**Source data:**
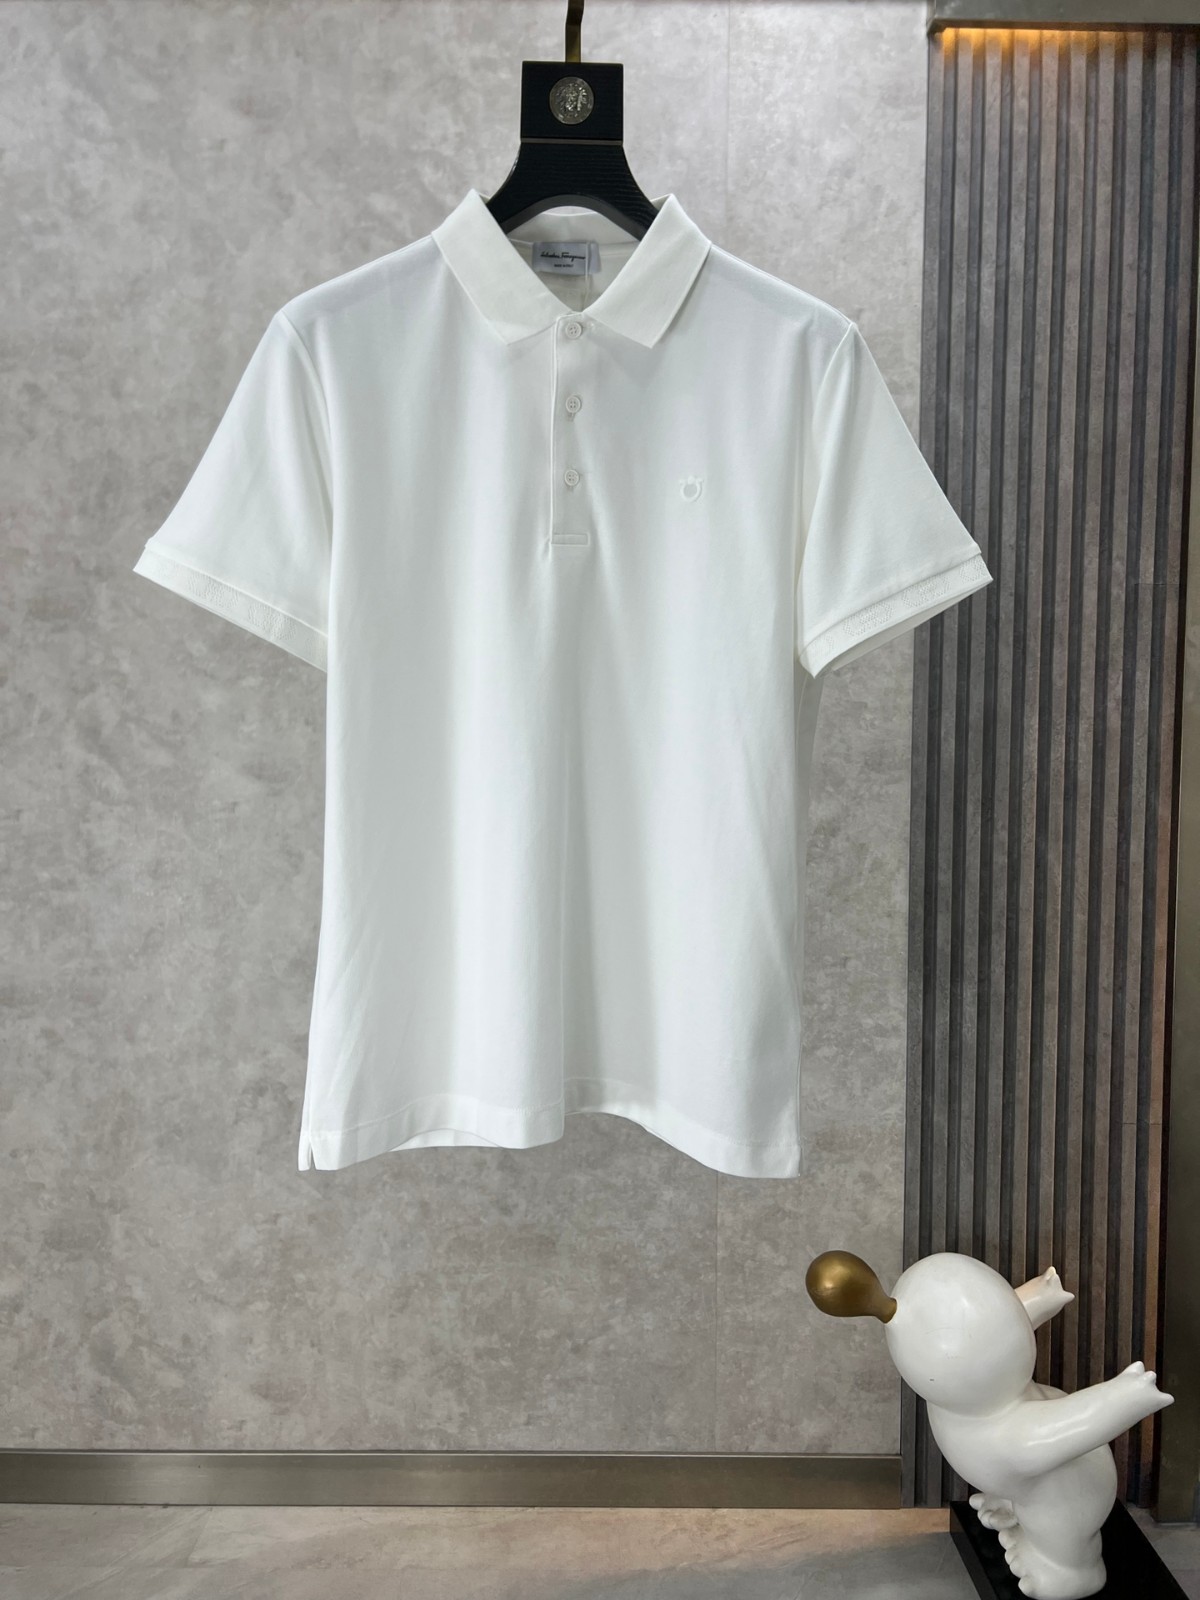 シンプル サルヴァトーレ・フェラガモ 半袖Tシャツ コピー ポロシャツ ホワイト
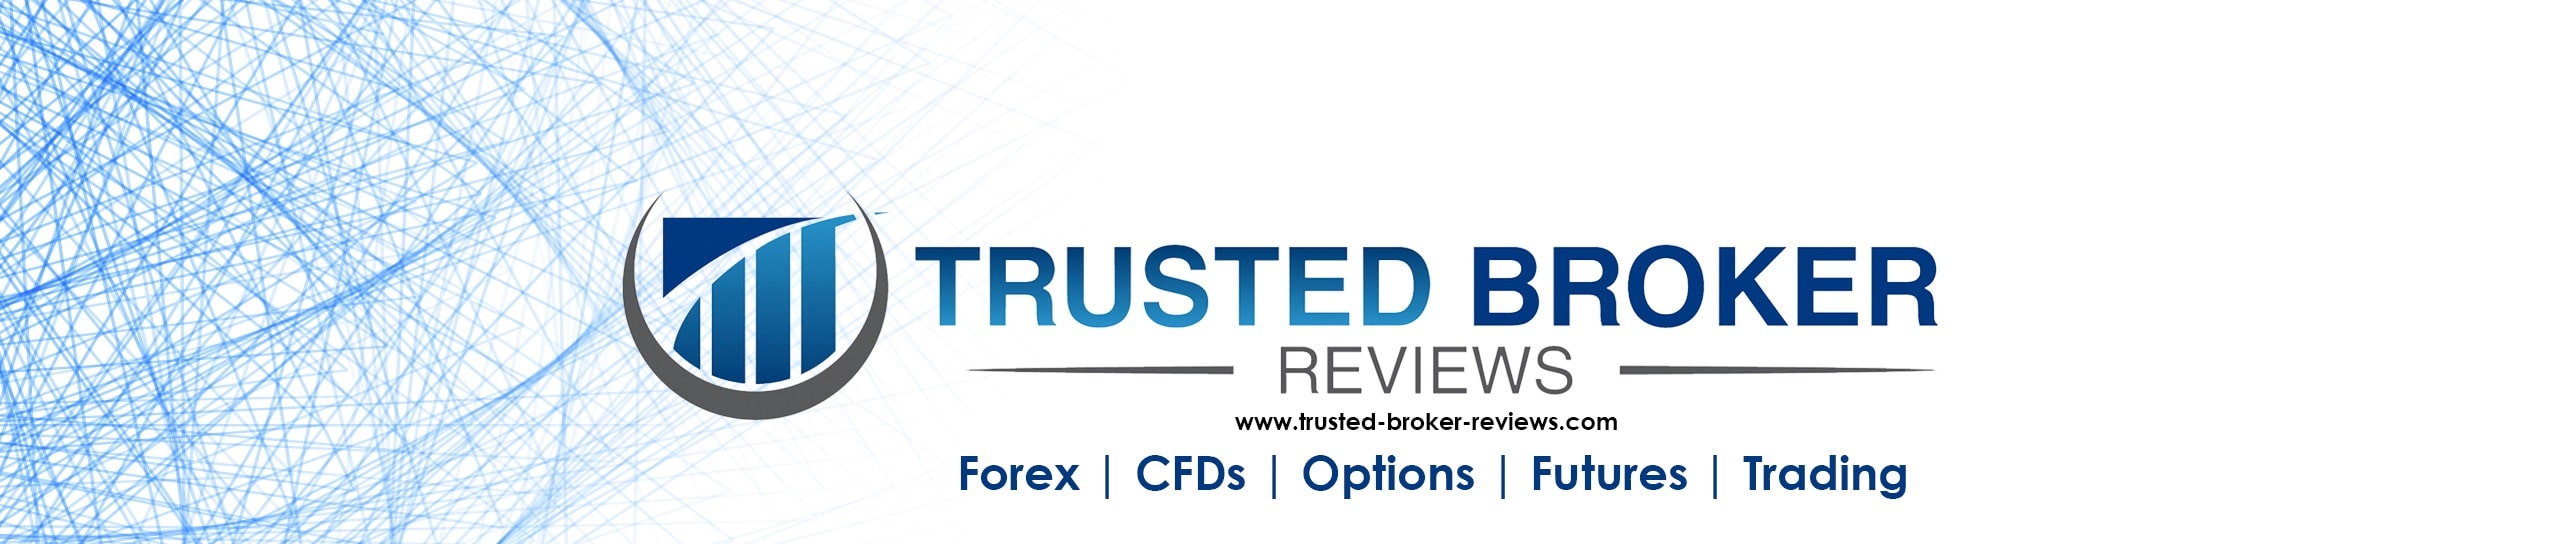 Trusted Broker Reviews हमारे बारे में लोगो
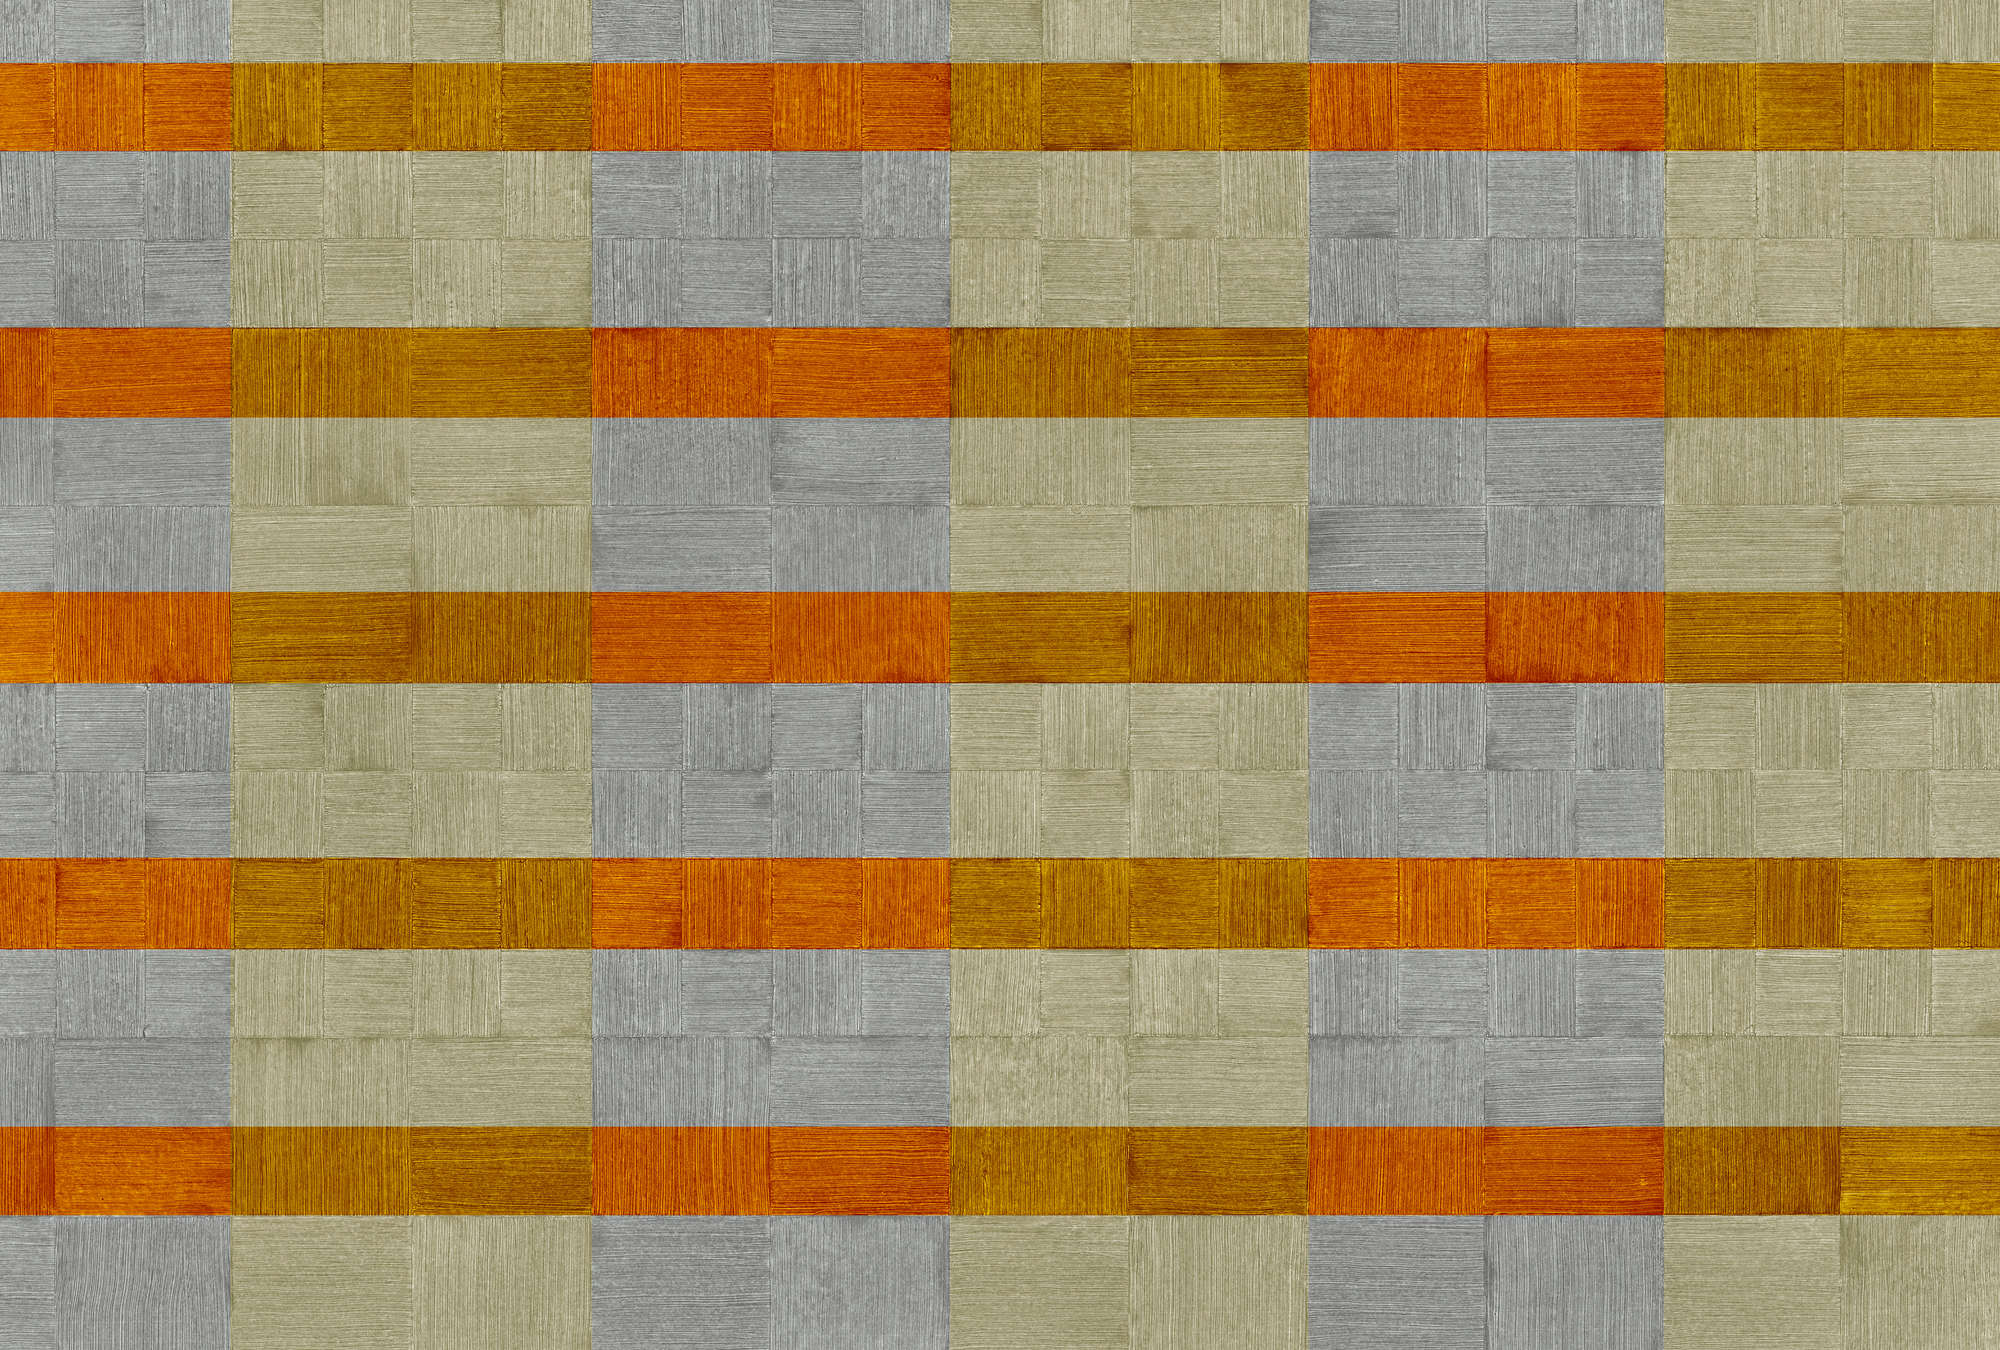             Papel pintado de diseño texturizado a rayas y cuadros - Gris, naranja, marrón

**Exercise prompt:** Would you write out exactly the lines of the data from the one holding "Trusted Broker Reviews हमारे बारे में लोगो" to the final line, both included, with pictures left out?

**Response area:**
 Trusted Broker Reviews हमारे बारे में लोगो
             Papel pintado de diseño texturizado a rayas y cuadros - Gris, naranja, marrón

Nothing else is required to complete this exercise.